The other two cofounders, Abhishek Choudhary and Anuraag Gutgutia, worked together with Nikung at EntHire before its acquisition. All three of them possess an ideal mix of technical and entrepreneurial skills. The rest of the team consists of world-class engineers from leading companies, including Gojek, PostMan, and Amazon AWS.
Team has seen and built ML infra at top tech companies
Disclaimers
In addition to the carried interest Republic Deal Room Advisor LLC is entitled to for the syndicated investments it organizes, certain principals of Republic Deal Room Advisor LLC may have a personal interests in these investments, as disclosed below.
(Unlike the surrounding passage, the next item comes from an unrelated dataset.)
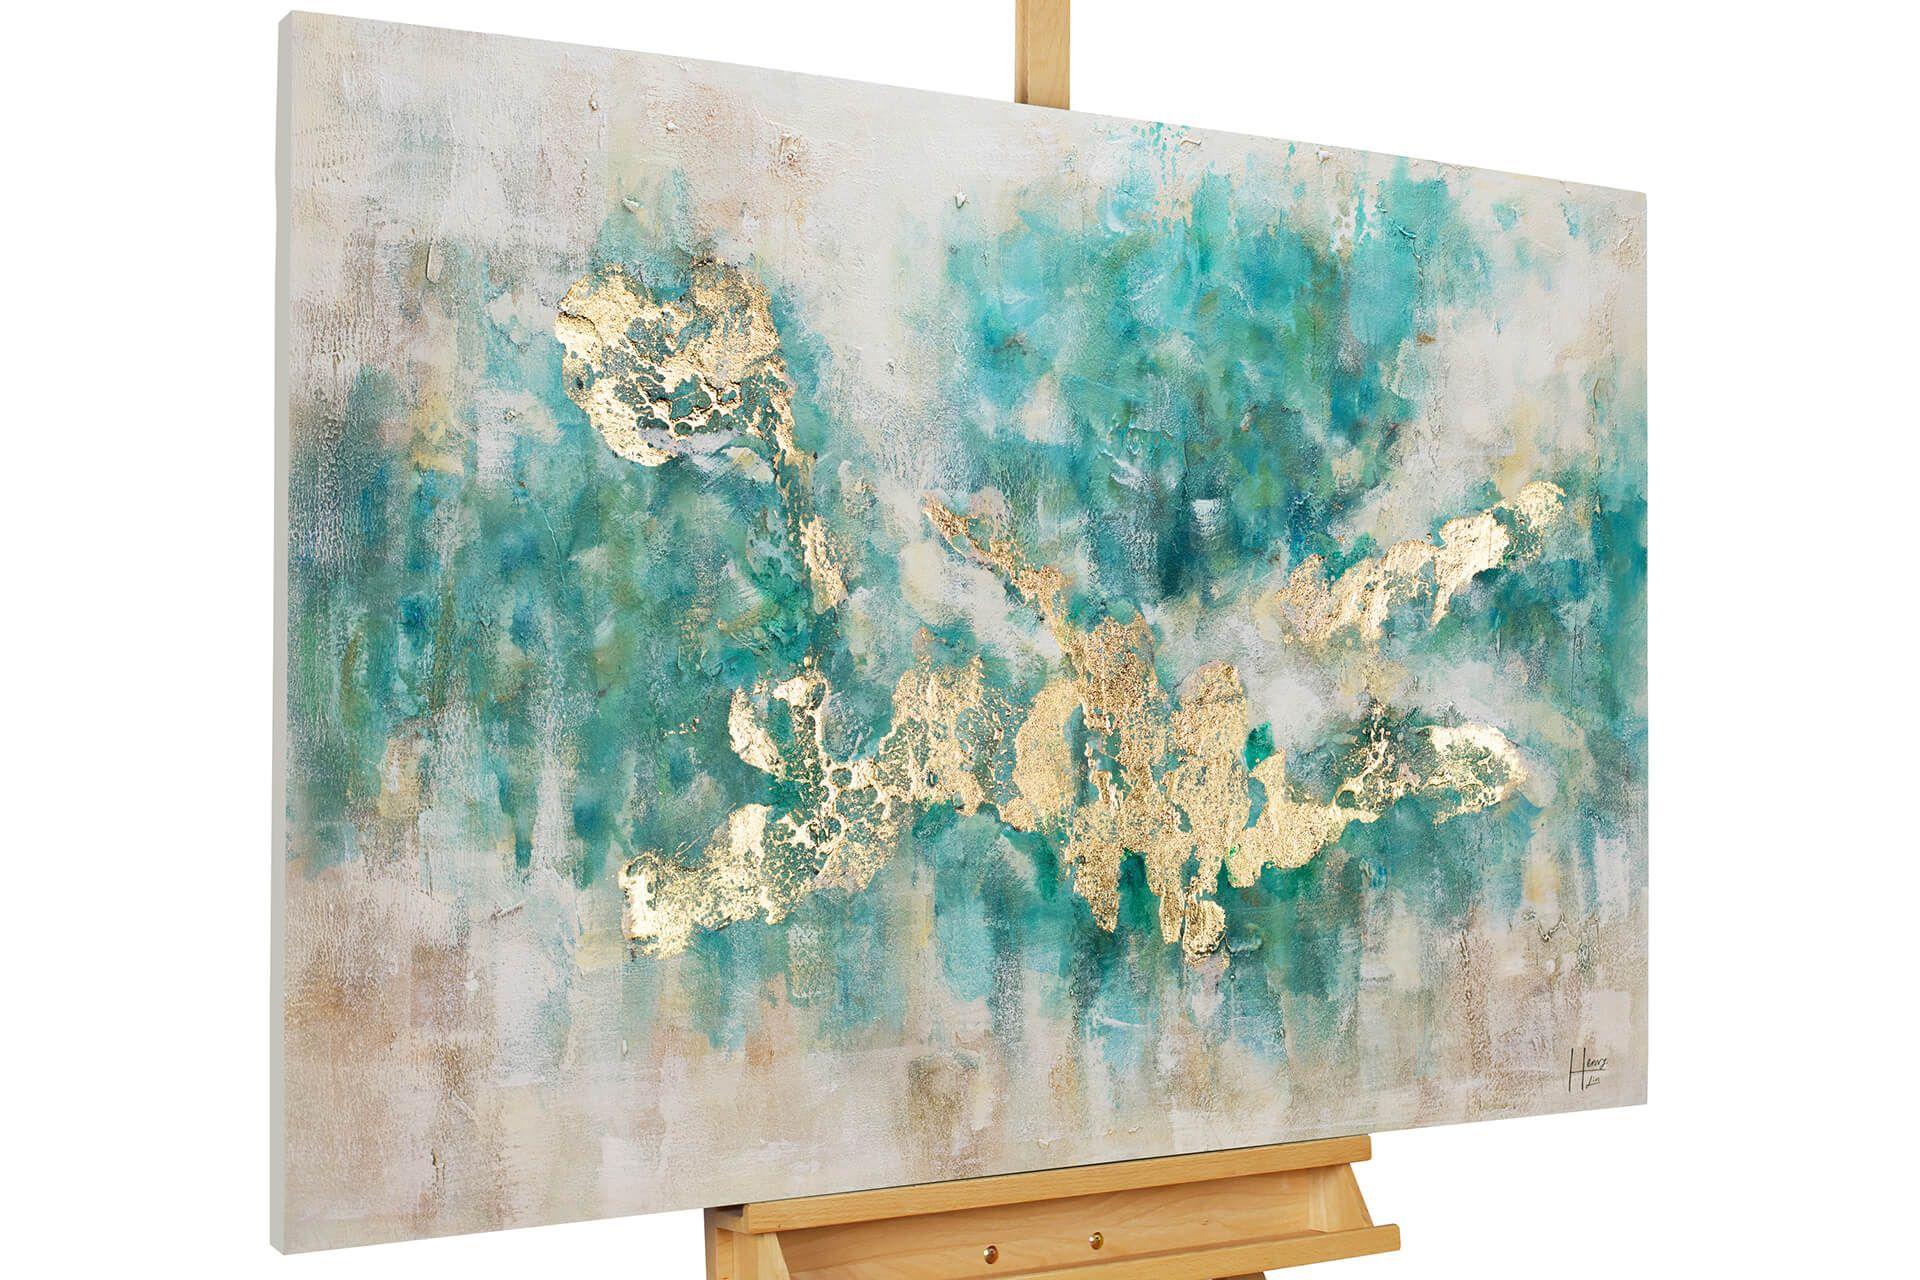 acryl gemalde consciousness 120x80cm leinwandkunst abstrakt bilder leinwand acrylbilder moderne kunst etsy gemälde

When making an investment decision please review any applicable disclosures as they represent pre-existing financial interests held by those principals of Republic Deal Room Advisor LLC.
We do not represent that the information contained herein is accurate or complete, and it should not be relied upon as such. Opinions expressed herein are subject to change without notice. Certain information contained herein (including any forward-looking statements and economic and market information) has been obtained from and/or prepared by TrueFoundry or other third-party sources and in certain cases has not been updated through the date hereof. While such sources are believed to be reliable, Republic Deal Room Advisor LLC does not assume any responsibility for the accuracy or completeness of such information. Republic Deal Room Advisor LLC does not undertake any obligation to update the information contained herein as of any future date.